→ **Task prompt**
An exact restatement of the data below, with the pictures removed, is the required answer.

→ **Dataset excerpt**
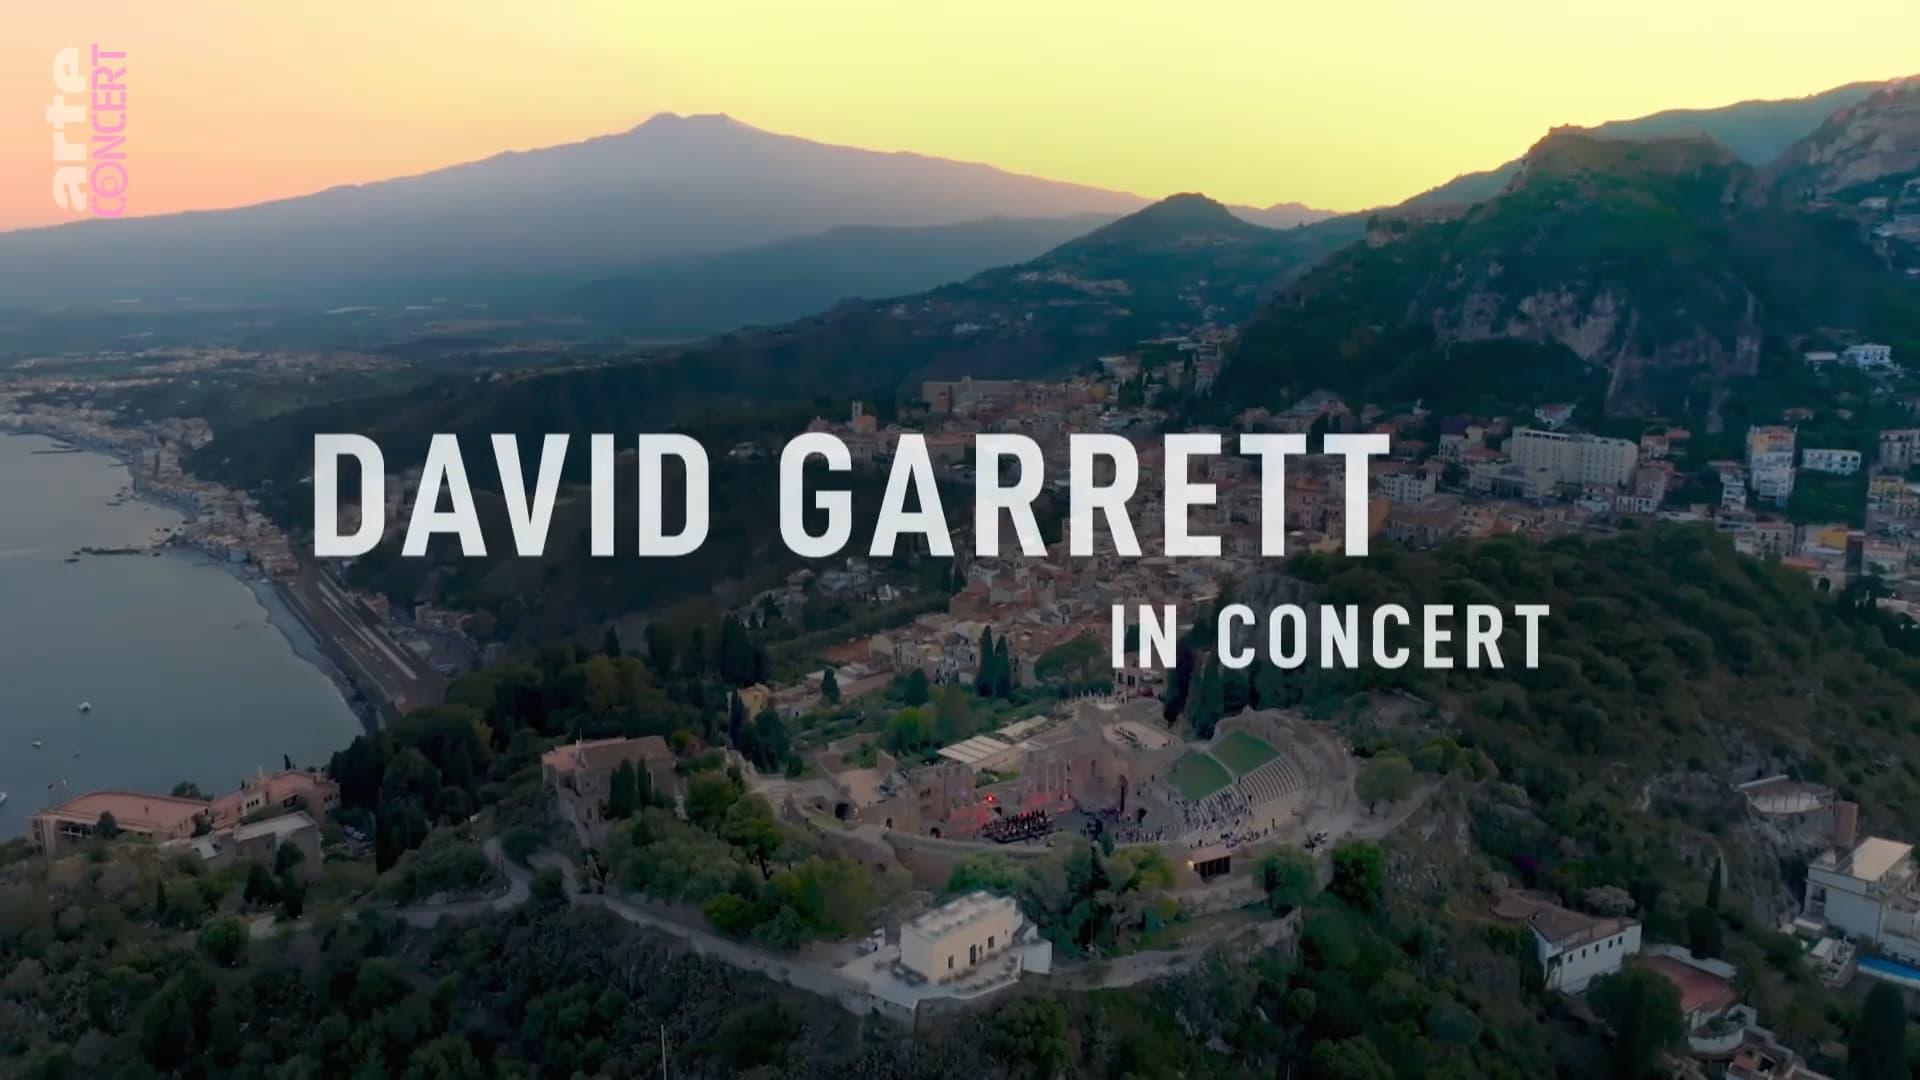 David Garrett in concert - Auf dem antiken Theater in Taormina auf Sizilien backdrop
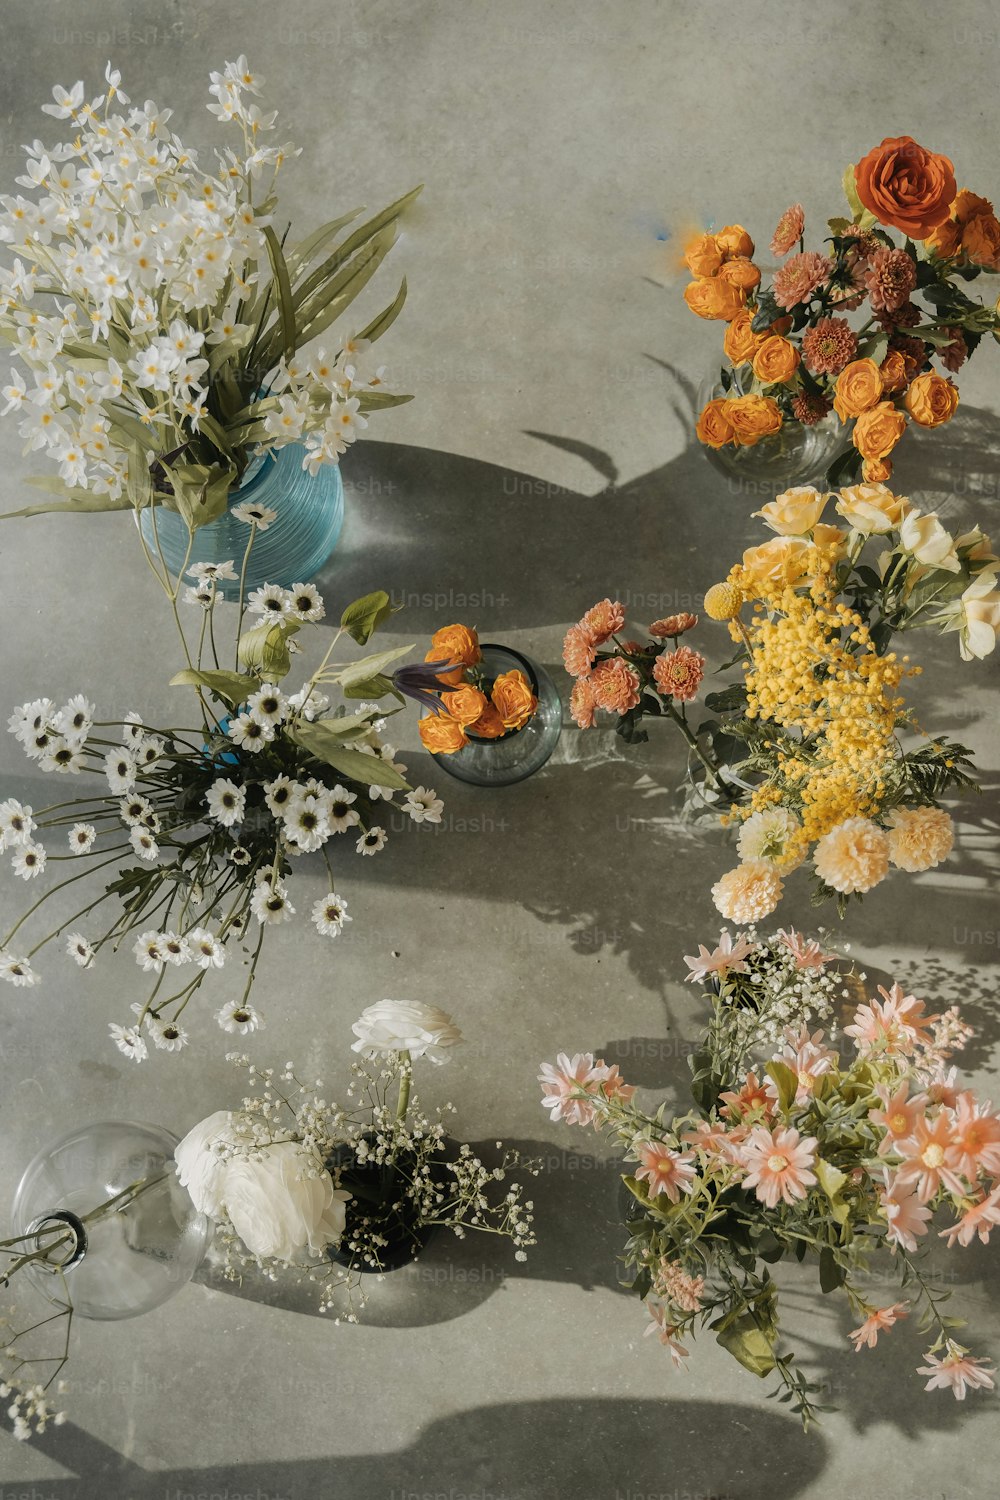 Un grupo de flores sentadas encima de una mesa
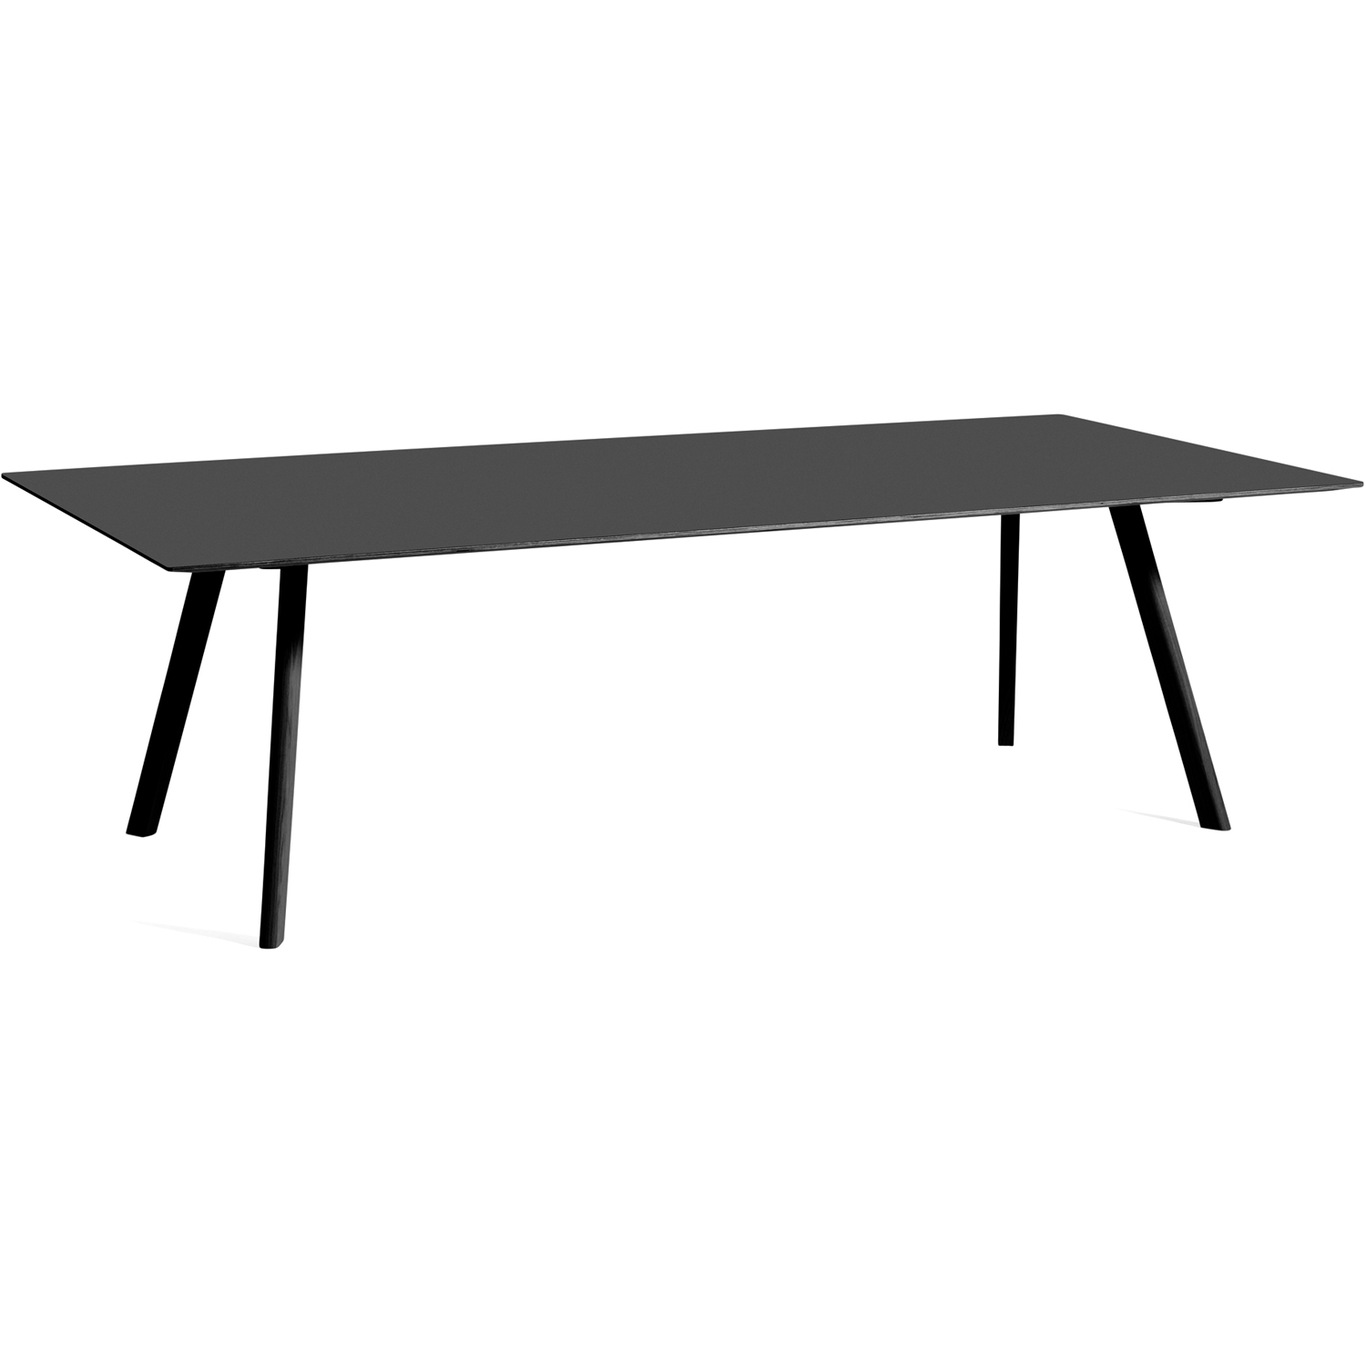 CPH 30 Tisch 250x120 cm, Schwarz Mit Wasserlack Behandelte Eiche / Schwarz Linoleum

→ **Output of the task**
 David Garrett in concert - Auf dem antiken Theater in Taormina auf Sizilien backdrop
 Un grupo de flores sentadas encima de una mesa
 CPH 30 Tisch 250x120 cm, Schwarz Mit Wasserlack Behandelte Eiche / Schwarz Linoleum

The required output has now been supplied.